The home invasion, murder, and attempted murder were not the end of the story for the town of Mount Vernon. The next stage of the horror was not physical, but spiritual, brought about not by depraved killers, but by liberal bureaucrats: the photos of the two teenaged suspects, students in the local high school, were included in the high school year book. Here, from the Union Leader, is the latest on the controversy set off by that decision, a decision which is monstrous and inhuman yet also fully consistent with the dictates of liberal bureaucracy:
Crowd confronts school board over yearbook photos
AMHERST — Souhegan High School parents verbally let loose Thursday night, calling for the resignation of Superintendent Mary A. Jennings at a school board meeting to discuss why photos of the Mont Vernon murder suspects appeared in the Class of 2010 yearbook.
“The liberal political correctness has to stop,” Bob Choquette of Amherst said, before calling Jennings “incompetent.”
School officials were also blasted for a plan to distribute black stickers to students to place over the photos of William Marks and Quinn Glover. The two were students at the school when they were arrested last October for their role in the grisly murder of Kimberly Cates and the near-deadly assault on her 11-year-old daughter. Not only were photos of the pair in the yearbook, but someone purchased a quarter-page advertisement with a message of luck to Glover.
School Board Chairman Steve Coughlan read a statement at the start of Thursday night’s meeting saying school officials have personally apologized to Cates’ husband, David Cates, who wrote a harsh letter to the school department earlier this month condemning the yearbook decision.
“The board and administration both express regret for the pain this has caused for the community and we apologize for that,” Coughlan said.
Many who attended Thursday night’s meeting criticized the school administration for not expelling the two students after they were arrested.
Officials said the students were included in the yearbook because they were still receiving educational services from the district in prison.
The school’s attorney, Gordon Graham of Salem, said the students are required by law to have due process before being expelled.
Wendy Hunt of Amherst, who said she is a former prosecutor and lawyer from Florida, disagreed with Graham.
“Statutes can be interpreted differently, that’s why there’s lawsuits,” Hunt said. “I would have said, ‘Let’s expel them. Let them sue us.’”
The 90-minute yearbook discussion ended on a sour note after a heated exchange between Mont Vernon resident Angela McLaughlin and school board member Jeanne Ludt. McLaughlin criticized Principal Jim Bosman for knowing Marks and Glover would be included in the yearbook months in advance.
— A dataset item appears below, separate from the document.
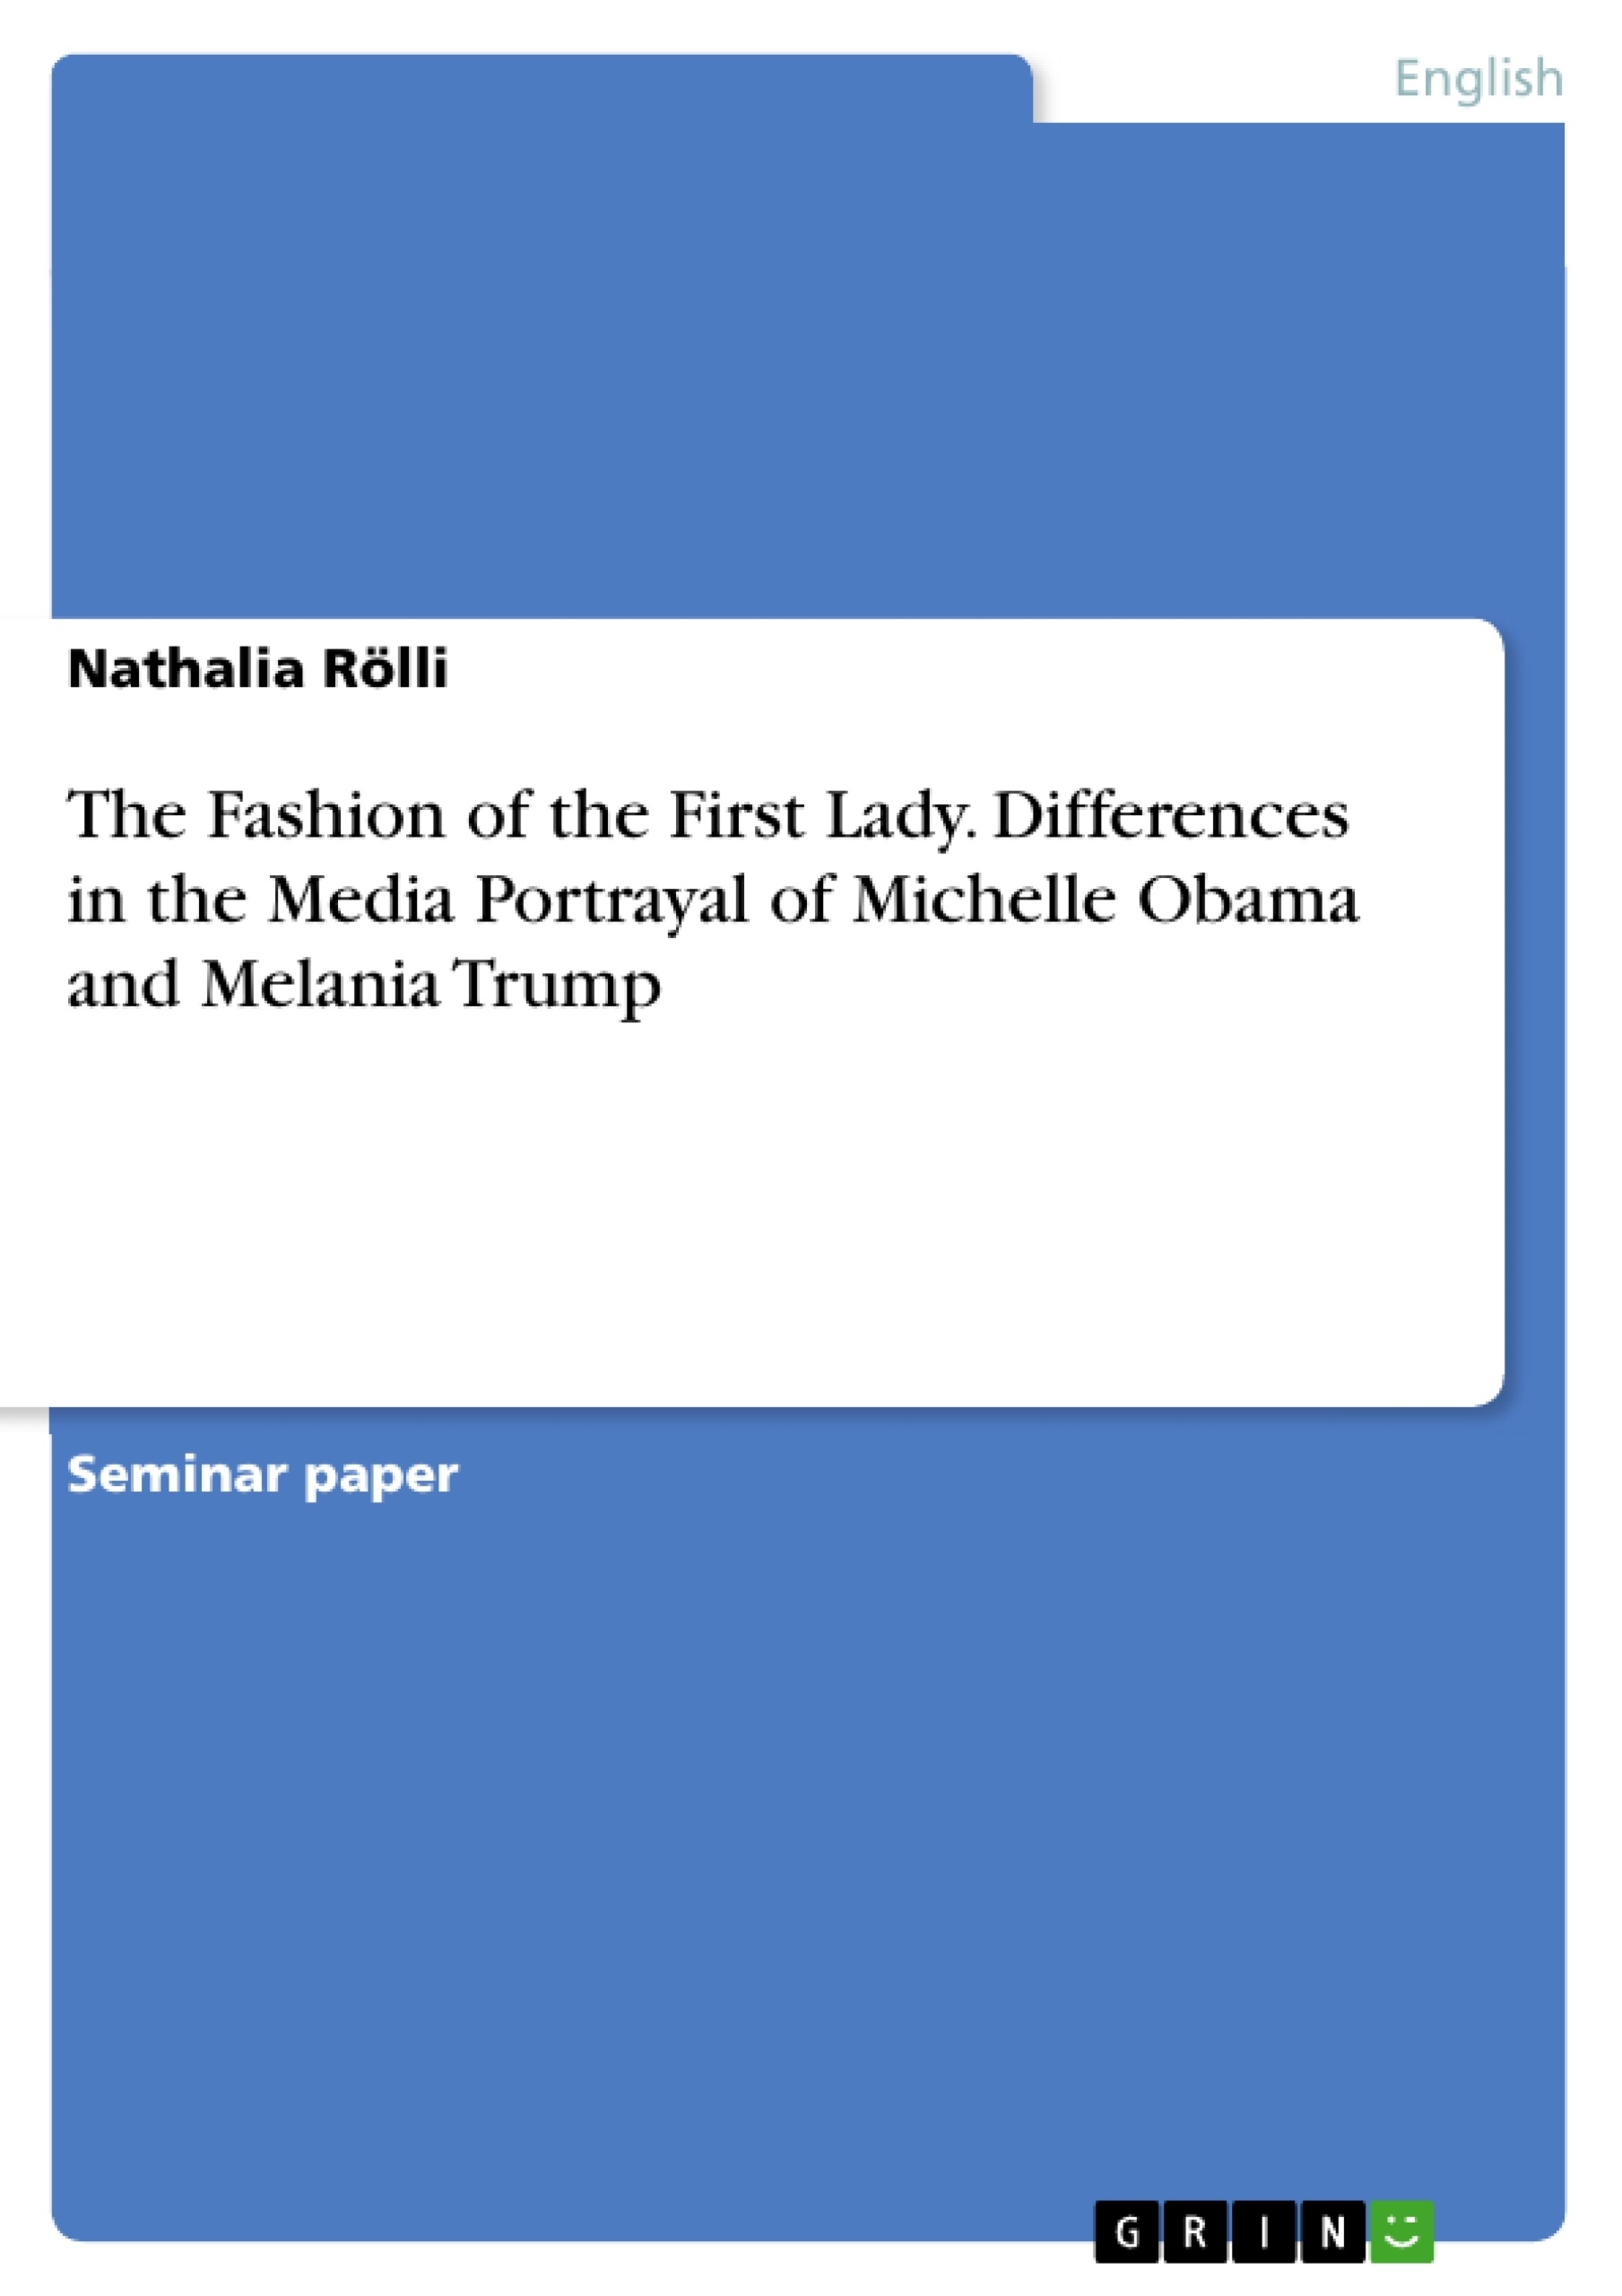 Title: The Fashion of the First Lady. Differences in the Media Portrayal of Michelle Obama and Melania Trump

Jennings knew about the decision to include the pictures one week before the books were printed.
“You’re making comments on things you don’t know anything about,” Ludt said to McLaughlin.
Ludt’s comment prompted an outcry from the audience, with one woman saying, “That’s insulting.”
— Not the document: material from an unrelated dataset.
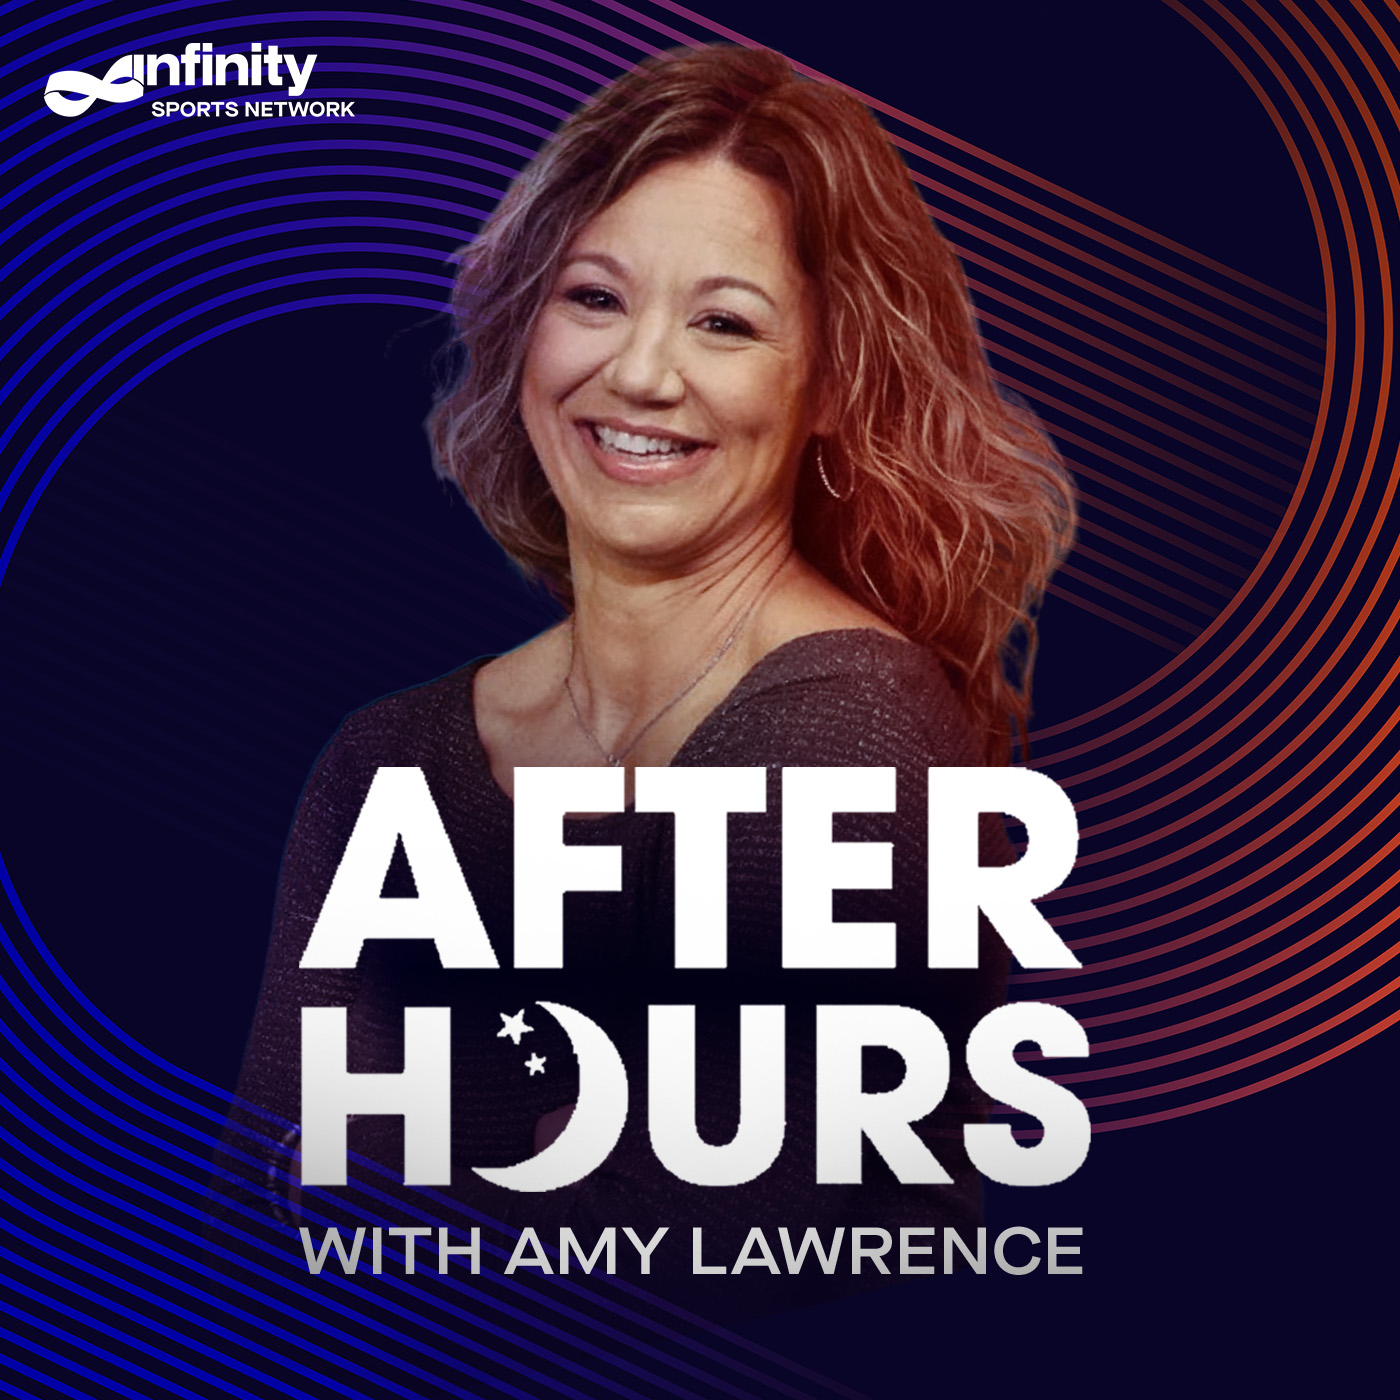 1-25-22 After Hours with Amy Lawrence PODCAST: Hour 3

A man called Ludt, “Holier than thou.”
Shortly after the comments, Coughlan yelled at a man who was talking out of turn and called a recess without making a motion to do so.
Jennings did not address calls for her resignation during the meeting and refused to comment to a New Hampshire Union Leader reporter afterward.
The meeting began with Amherst resident Greg Earley asking Jennings to resign, saying the school’s decision to allow the yearbook pictures was an over-the-top example of political correctness.
“This is Amherst, New Hampshire. We’re not Amherst, Massachusetts,” Earley said. “We don’t harbor terrorists… or harbor murderers. We run a different set of rules here.”
“You decided to discuss (the yearbook issue) with the parents of the students. We didn’t discuss it with the parents of the girl who watched her mother get killed,” Peter Rowe of Amherst said. “I cannot vote Mary Jennings out of office, but I can vote this board out of office.”
Amily Moore of Amherst also called on Jennings to resign and handed out copies of a petition asking for Jennings’ resignation.
“I’m standing here in awe,” Moore said. “When people make bad decisions, there are consequences, and I don’t see any.”
“One of the things that’s disturbed me was the example you set for the young people of this community,” Neil Suice of Amherst said to the board. “The administration was trying to cover their behinds.”
“I think your sticker idea is pretty lame,” Suice added. “I’d like to see my taxpayer (money) re-print a yearbook. If that causes a budget problem for you, that’s fine.”